Evaluate \(\ds \int_{-3}^3\sqrt{9-x^2}\, dx\text{.}\)
Solution 1.
We begin by noting that \(9\left(\sin^2(\theta) + \cos^2(\theta)\right) = 9\text{,}\) and hence \(9\cos^2(\theta) = 9-9\sin^2(\theta)\text{.}\) If we let \(x=3\sin(\theta)\text{,}\) then \(9-x^2 = 9-9\sin^2(\theta) = 9\cos^2(\theta)\text{.}\)

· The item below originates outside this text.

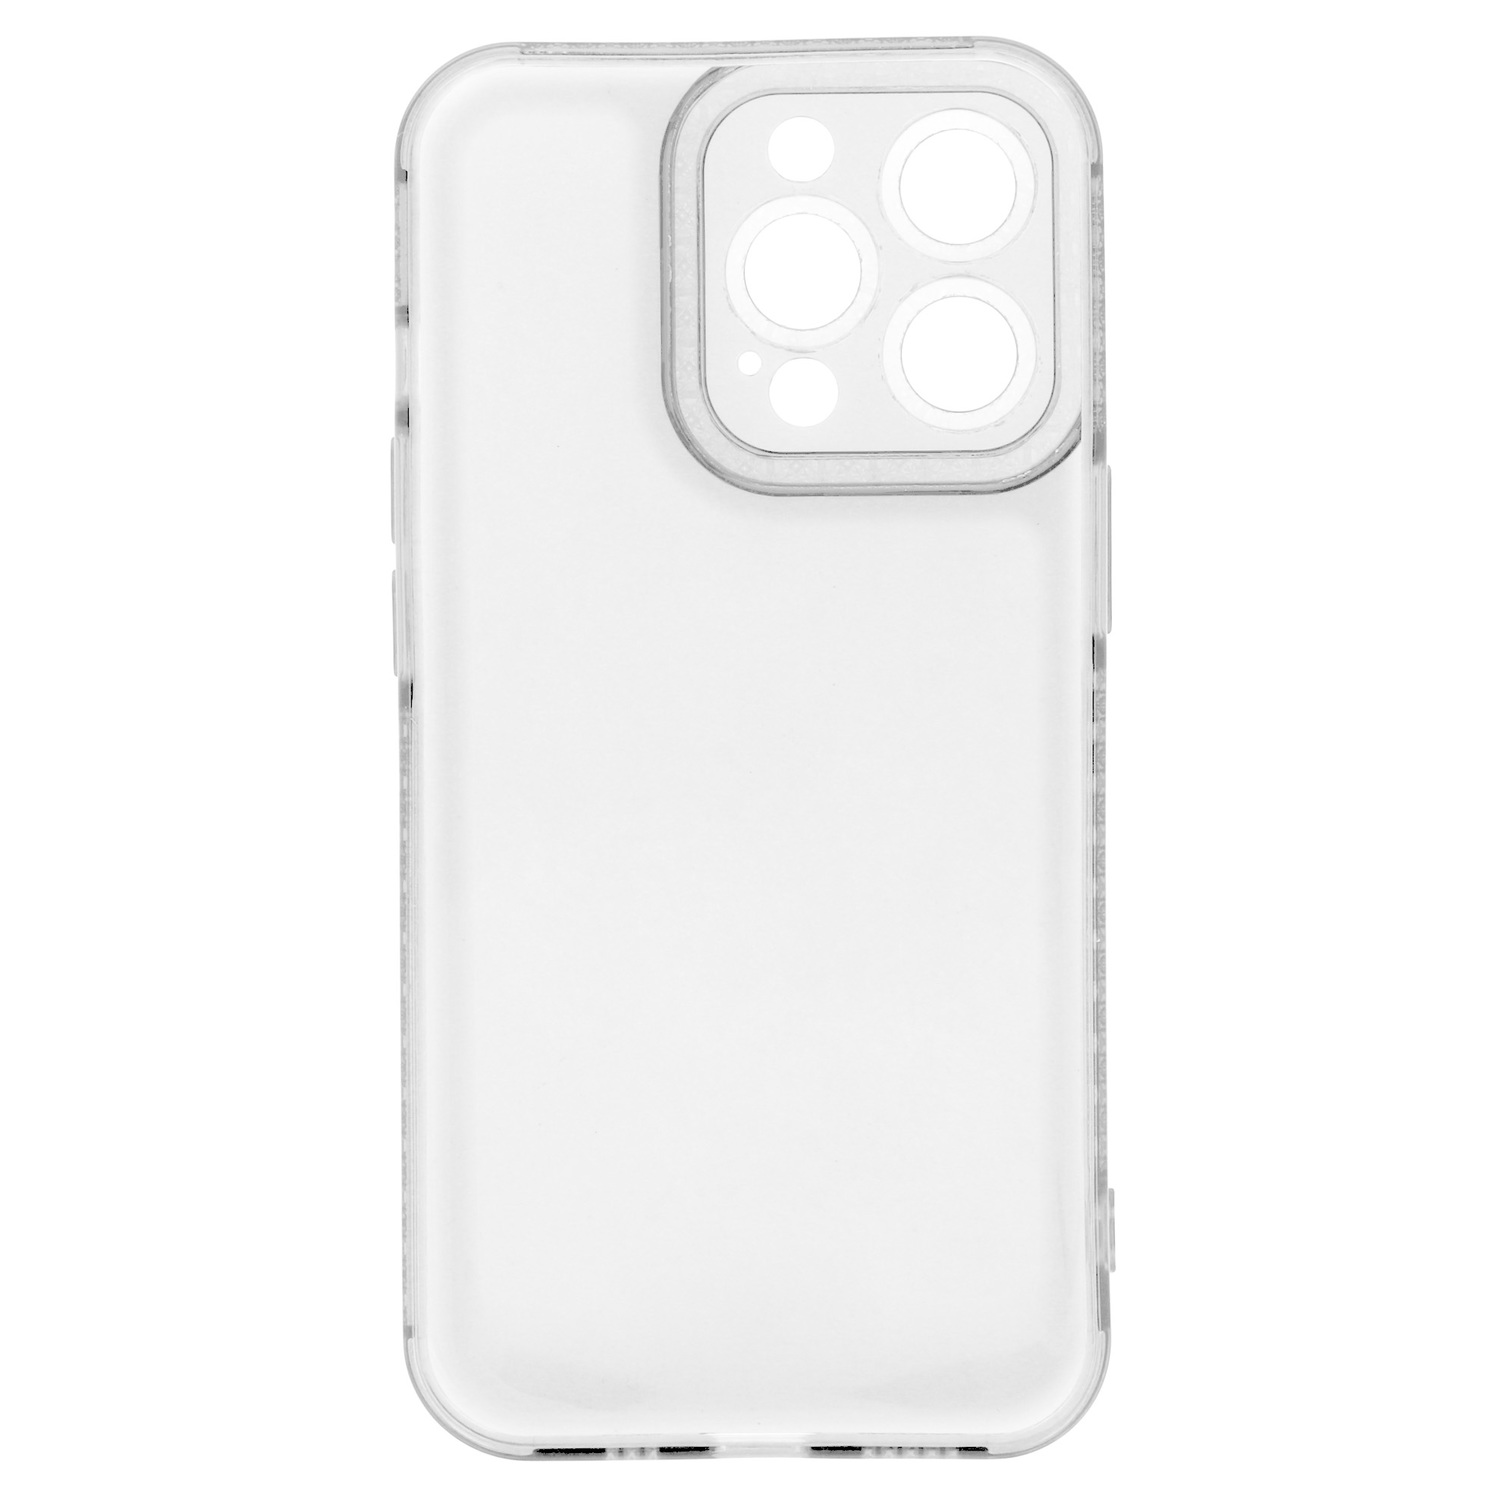 Pokrowiec etui silikonowe Crystal Diamond Case przezroczyste APPLE iPhone 12 Pro / 5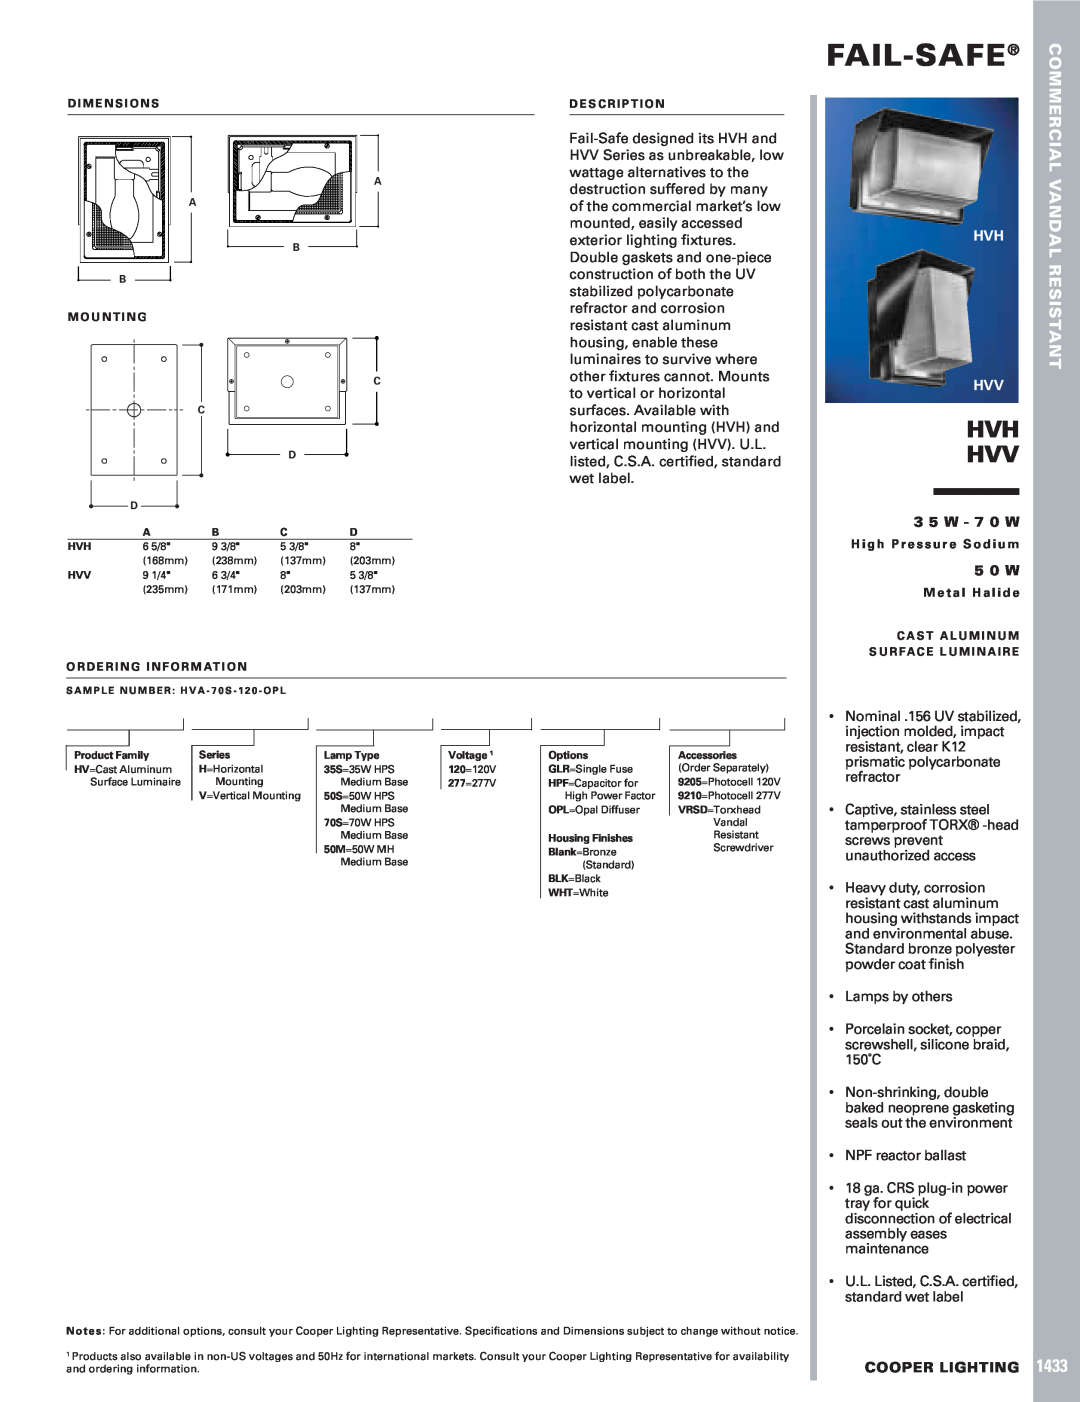 Cooper Lighting HVV, 1433 specifications Fail-Safe, Hvh Hvv, Vandal, Resistant, 3 5 W - 7 0 W, 5 0 W, Cooper Lighting

Setting \(x=3\sin(\theta)\) gives \(dx = 3\cos(\theta) \, d\theta\text{.}\) We are almost ready to substitute. We also wish to change our bounds of integration. The bound \(x=-3\) corresponds to \(\theta = -\pi/2\) (for when \(\theta = -\pi/2\text{,}\) \(x=3\sin(\theta) = -3\)). Likewise, the bound of \(x=3\) is replaced by the bound \(\theta = \pi/2\text{.}\) Thus
\begin{align*}
\int_{-3}^3\sqrt{9-x^2}\, dx \amp = \int_{-\pi/2}^{\pi/2} \sqrt{9-9\sin^2(\theta) }\,(3\cos(\theta) )\, d\theta\\
\amp = \int_{-\pi/2}^{\pi/2} 3\sqrt{9\cos^2(\theta) } \cos(\theta) \, d\theta\\
\amp =\int_{-\pi/2}^{\pi/2} 3\abs{3\cos(\theta) } \cos(\theta) \, d\theta\text{.}
\end{align*}
On \([-\pi/2,\pi/2]\text{,}\) \(\cos(\theta)\) is always positive, so we can drop the absolute value bars, then employ a power-reducing formula:
\begin{align*}
\int_{-3}^3\sqrt{9-x^2}\, dx \amp = \int_{-\pi/2}^{\pi/2} 9\cos^2(\theta) \, d\theta\\
\amp = \int_{-\pi/2}^{\pi/2} \frac{9}{2}\big(1+\cos(2\theta)\big)\, d\theta\\
\amp = \left.\frac92 \big(\theta +\frac12\sin(2\theta)\big)\right|_{-\pi/2}^{\pi/2}\\
\amp = \frac92\pi\text{.}
\end{align*}
This matches our answer from before.